1 Different design purposes

The main purpose of the high and low temperature test chamber is to simulate the performance of products in extreme temperature environments and evaluate their stability and reliability under different temperature conditions. It tests the product’s resistance to high and low temperatures, thermal shock, aging, and other performance by setting environmental parameters such as high temperature, low temperature, and temperature cycling. High and low temperature test chambers are commonly used to evaluate the adaptability of materials, electronic components, mechanical parts, and other products under conventional temperature changes.
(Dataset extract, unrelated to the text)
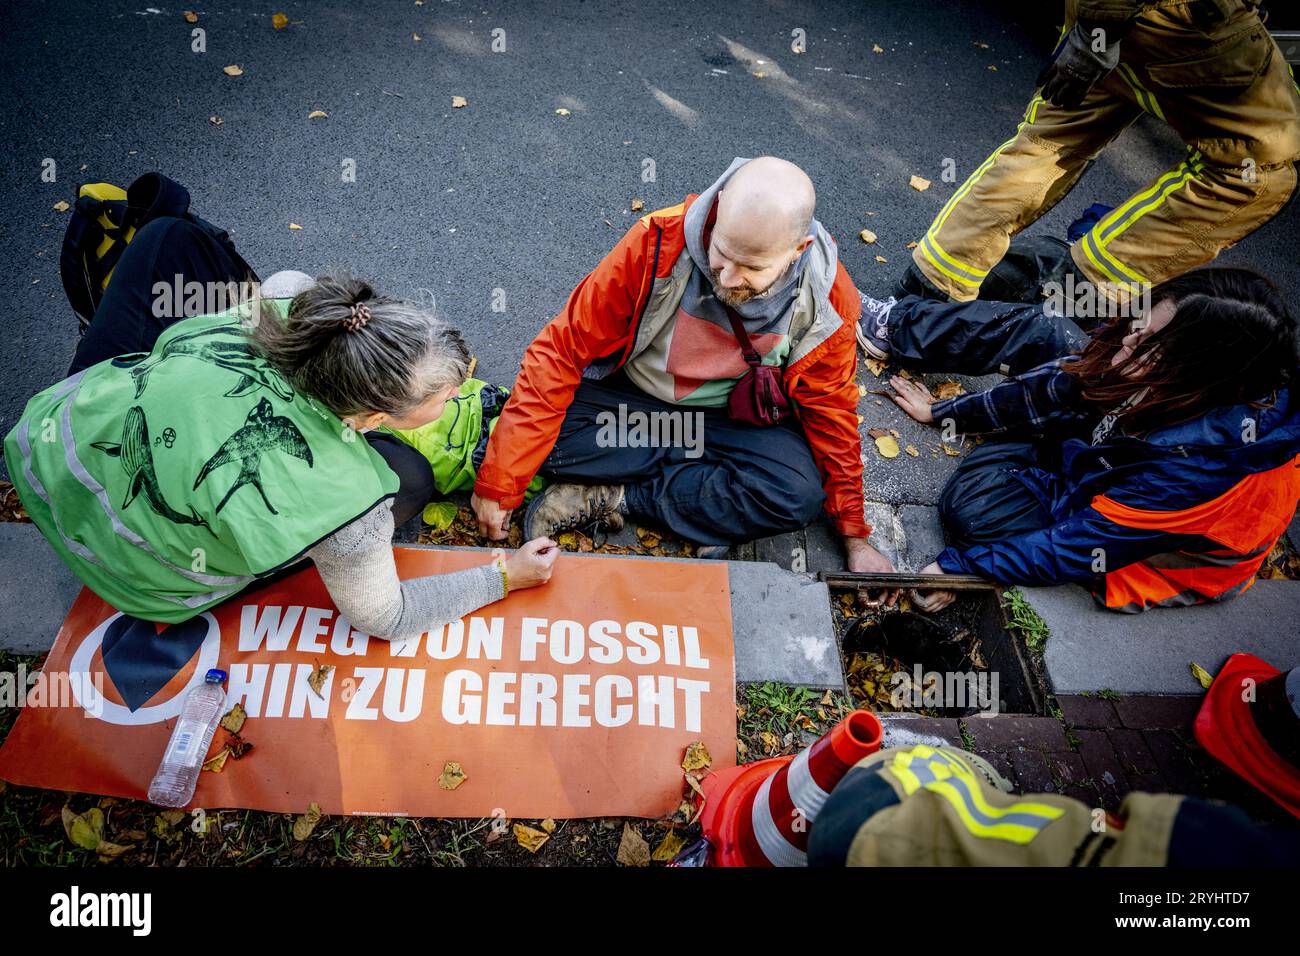 DEN HAAG - die Polizei verhaftete Gegendemonstratoren, die gegen die Blockade durch Klimaaktivisten auf der A12 vorgegangen sind. Dutzende von Menschen reagierten auf den Aufruf in den sozialen Medien, zur täglichen Blockade zu kommen und Unzufriedenheit auszudrücken. ANP ROBIN UTRECHT netherlands Out - belgium Out Credit: ANP/Alamy Live News Stockfoto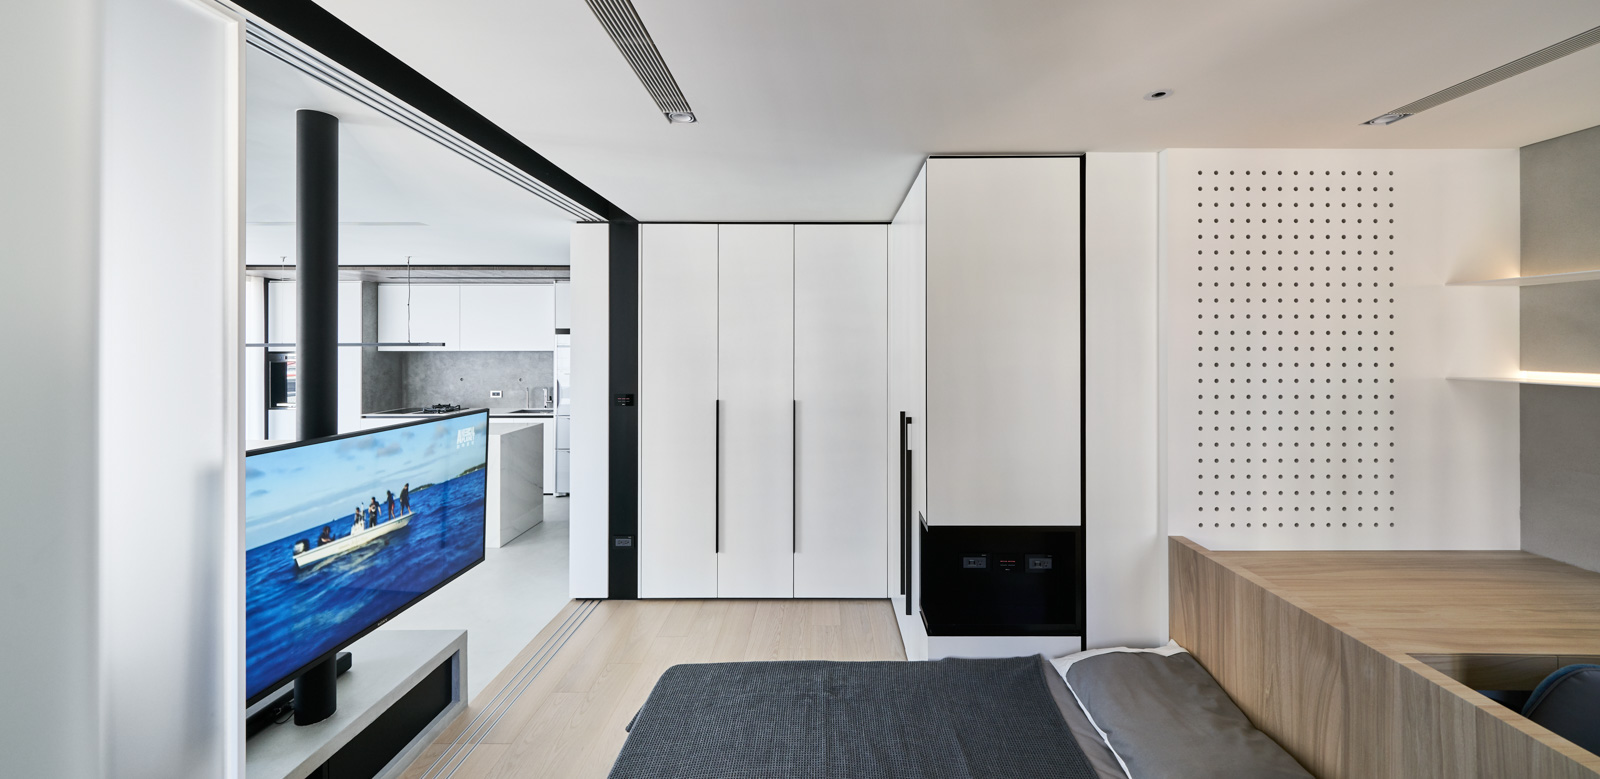 IconP - Thiết kế chung cư căn hộ gam màu trắng đen hiện đại, minimalism

The lithium battery explosion-proof chamber is a safety protection device specifically designed for lithium batteries, aimed at preventing dangerous events such as overcharging, overdischarging, short circuit, high temperature, etc. that may cause explosions or fires during the testing process. There are specialized structures and protective measures inside the explosion-proof chamber to ensure that the battery does not cause greater danger in the event of a malfunction, preventing the spread of fire or the production of harmful gases by the battery. Therefore, the design of explosion-proof chambers places more emphasis on the safety protection of batteries, far beyond the scope of temperature environment testing.

2 Different security protection functions

The core function of the high and low temperature test chamber is to test the performance of products in extreme temperature environments. Although it can accurately control temperature, humidity, and wet heat alternation, it does not have the ability to handle battery hazardous reactions that may occur in high temperature and high pressure environments. High and low temperature test chambers usually do not have safety protection designs such as fire prevention, explosion prevention, and gas leakage.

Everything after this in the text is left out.